EXTRACTED ENTRIES -

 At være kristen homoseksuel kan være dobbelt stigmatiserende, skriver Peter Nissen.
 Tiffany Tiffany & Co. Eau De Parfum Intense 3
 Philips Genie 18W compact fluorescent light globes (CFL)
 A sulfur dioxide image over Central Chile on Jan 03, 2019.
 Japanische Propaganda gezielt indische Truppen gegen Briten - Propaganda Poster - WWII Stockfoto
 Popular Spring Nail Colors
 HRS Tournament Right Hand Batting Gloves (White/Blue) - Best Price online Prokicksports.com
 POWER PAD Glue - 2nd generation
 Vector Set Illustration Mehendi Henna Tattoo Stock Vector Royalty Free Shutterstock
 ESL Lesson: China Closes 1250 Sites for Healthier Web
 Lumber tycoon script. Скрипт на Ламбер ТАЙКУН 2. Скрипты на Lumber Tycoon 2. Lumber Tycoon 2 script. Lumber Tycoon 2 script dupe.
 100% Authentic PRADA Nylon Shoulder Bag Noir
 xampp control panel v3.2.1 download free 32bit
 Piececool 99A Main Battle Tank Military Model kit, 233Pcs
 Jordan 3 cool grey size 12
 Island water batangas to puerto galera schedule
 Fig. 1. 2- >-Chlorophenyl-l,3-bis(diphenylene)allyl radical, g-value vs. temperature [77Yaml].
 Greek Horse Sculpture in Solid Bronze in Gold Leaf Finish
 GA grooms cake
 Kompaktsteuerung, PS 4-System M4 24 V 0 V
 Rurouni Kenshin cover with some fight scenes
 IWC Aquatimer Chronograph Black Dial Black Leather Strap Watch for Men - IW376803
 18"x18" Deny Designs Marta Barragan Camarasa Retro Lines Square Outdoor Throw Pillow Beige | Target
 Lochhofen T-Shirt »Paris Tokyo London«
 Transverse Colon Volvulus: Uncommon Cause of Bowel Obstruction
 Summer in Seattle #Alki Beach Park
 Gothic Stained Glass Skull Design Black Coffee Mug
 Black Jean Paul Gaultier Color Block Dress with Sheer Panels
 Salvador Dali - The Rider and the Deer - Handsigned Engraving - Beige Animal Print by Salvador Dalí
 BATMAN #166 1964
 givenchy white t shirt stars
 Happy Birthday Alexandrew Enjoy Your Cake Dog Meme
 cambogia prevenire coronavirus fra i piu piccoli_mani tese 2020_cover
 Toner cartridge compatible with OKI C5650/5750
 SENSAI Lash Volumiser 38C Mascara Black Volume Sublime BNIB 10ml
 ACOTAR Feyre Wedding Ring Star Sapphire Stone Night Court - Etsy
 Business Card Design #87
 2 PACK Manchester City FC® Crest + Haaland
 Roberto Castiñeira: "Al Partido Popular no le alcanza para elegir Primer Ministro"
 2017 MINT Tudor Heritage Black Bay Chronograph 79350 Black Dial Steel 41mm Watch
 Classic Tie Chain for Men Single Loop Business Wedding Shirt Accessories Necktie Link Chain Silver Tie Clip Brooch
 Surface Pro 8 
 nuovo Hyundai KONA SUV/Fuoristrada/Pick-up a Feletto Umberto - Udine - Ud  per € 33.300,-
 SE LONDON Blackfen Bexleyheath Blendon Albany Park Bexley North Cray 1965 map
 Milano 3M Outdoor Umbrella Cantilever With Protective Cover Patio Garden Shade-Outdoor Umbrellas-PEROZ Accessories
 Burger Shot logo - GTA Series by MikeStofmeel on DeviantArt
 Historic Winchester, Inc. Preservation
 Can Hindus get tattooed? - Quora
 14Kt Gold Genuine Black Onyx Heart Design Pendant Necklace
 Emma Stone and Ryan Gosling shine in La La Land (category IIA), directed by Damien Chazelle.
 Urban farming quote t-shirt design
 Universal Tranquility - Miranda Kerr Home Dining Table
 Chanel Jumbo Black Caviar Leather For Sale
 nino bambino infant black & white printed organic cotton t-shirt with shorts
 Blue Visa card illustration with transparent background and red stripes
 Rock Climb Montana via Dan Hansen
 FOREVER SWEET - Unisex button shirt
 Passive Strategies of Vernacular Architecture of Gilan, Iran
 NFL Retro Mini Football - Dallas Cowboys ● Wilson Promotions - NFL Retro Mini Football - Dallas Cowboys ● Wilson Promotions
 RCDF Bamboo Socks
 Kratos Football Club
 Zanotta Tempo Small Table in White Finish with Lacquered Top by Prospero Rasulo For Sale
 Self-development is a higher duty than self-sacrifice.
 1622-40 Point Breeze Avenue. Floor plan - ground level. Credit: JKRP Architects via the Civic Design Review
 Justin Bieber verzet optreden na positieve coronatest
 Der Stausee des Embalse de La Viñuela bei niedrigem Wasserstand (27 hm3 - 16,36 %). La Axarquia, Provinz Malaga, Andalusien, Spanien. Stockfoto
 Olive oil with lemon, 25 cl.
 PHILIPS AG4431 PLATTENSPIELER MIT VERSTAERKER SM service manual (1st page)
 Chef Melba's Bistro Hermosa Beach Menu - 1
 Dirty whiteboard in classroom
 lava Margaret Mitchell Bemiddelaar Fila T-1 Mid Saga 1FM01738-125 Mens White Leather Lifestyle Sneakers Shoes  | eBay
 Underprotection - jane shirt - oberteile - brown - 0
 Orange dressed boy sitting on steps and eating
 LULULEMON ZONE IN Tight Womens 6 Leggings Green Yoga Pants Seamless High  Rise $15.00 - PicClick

WHAT THE TASK ASKS - When a line of the data holds the string "Chronograph", pick it out and copy it.

YOUR RESPONSE -
 IWC Aquatimer Chronograph Black Dial Black Leather Strap Watch for Men - IW376803
 2017 MINT Tudor Heritage Black Bay Chronograph 79350 Black Dial Steel 41mm Watch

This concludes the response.